_What the task asks_.
Please write out every record exactly, but keep any images out of it.

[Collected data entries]
· · ·
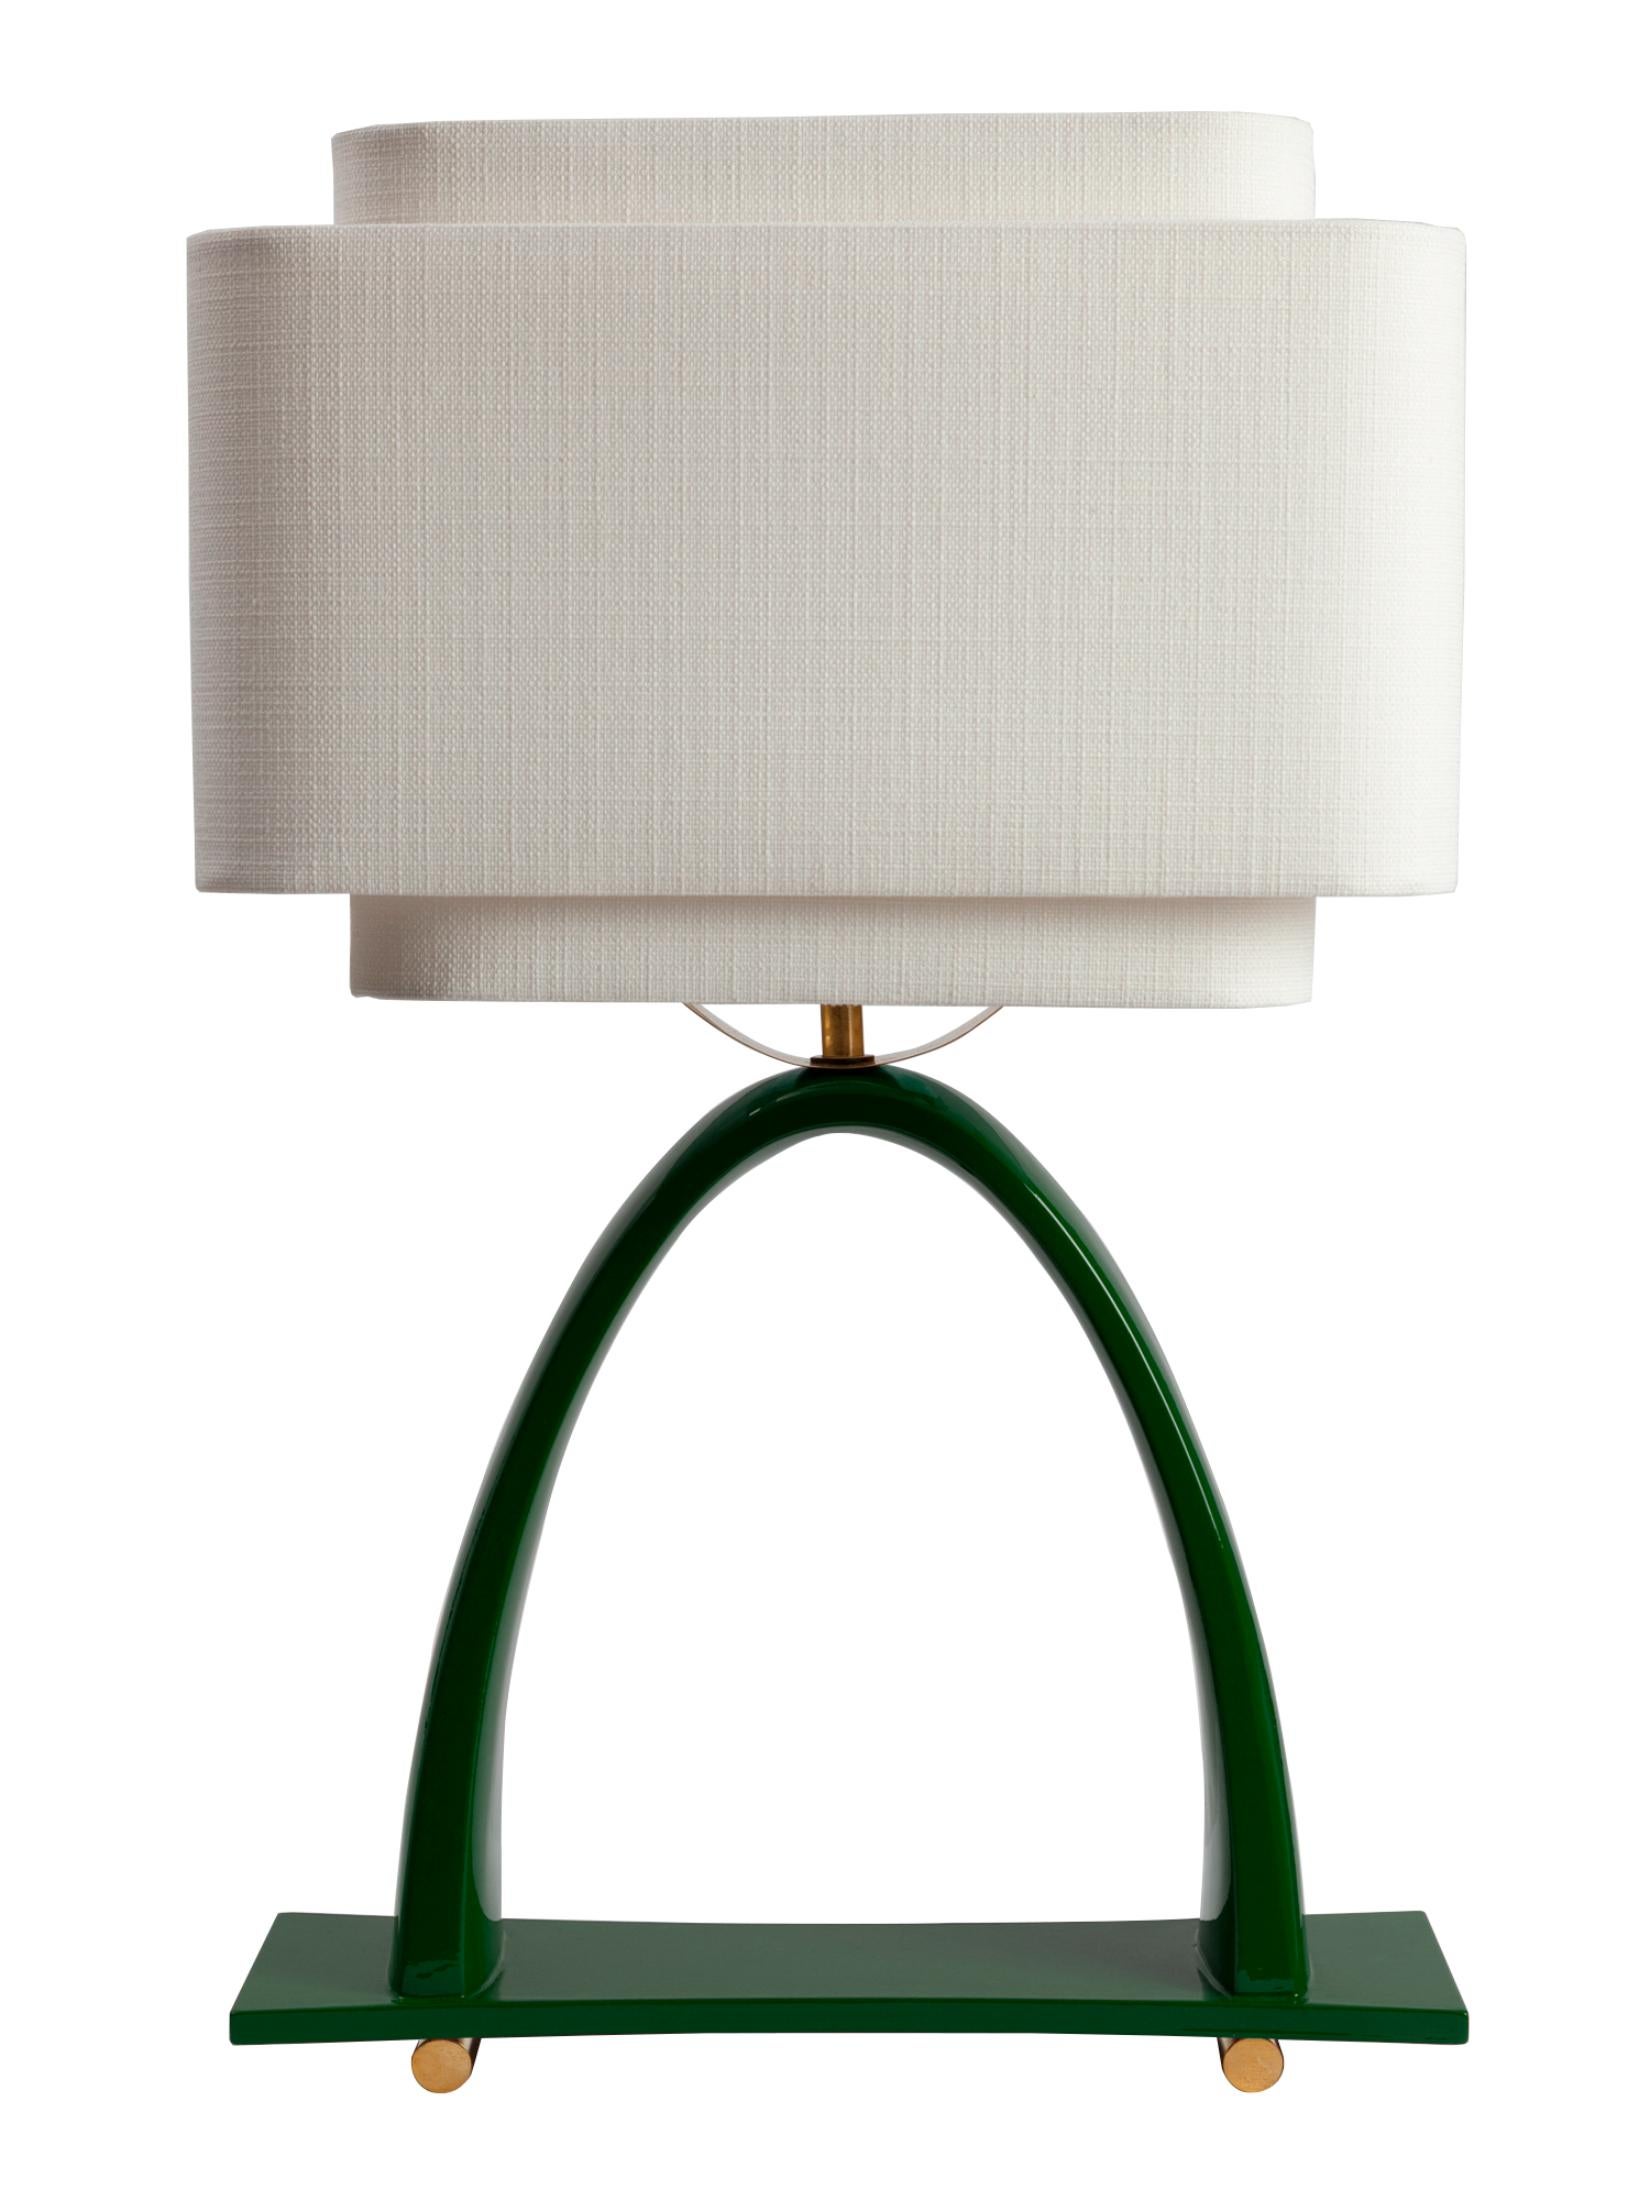 Yoshiko Table Lamp by Kira Design
Dimensions: ⌀ 37 x H 58 cm
Materials: Ceramic, Linen, Brass, Lacquered Wood
Available Colors: Blue, Red, Green, Black.

The Yoshiko desk lamp reveals delicate, slender curves, counterbalanced by a double shade that
· · ·
_Response to the task_.
 Yoshiko Table Lamp by Kira Design
Dimensions: ⌀ 37 x H 58 cm
Materials: Ceramic, Linen, Brass, Lacquered Wood
Available Colors: Blue, Red, Green, Black.

The Yoshiko desk lamp reveals delicate, slender curves, counterbalanced by a double shade that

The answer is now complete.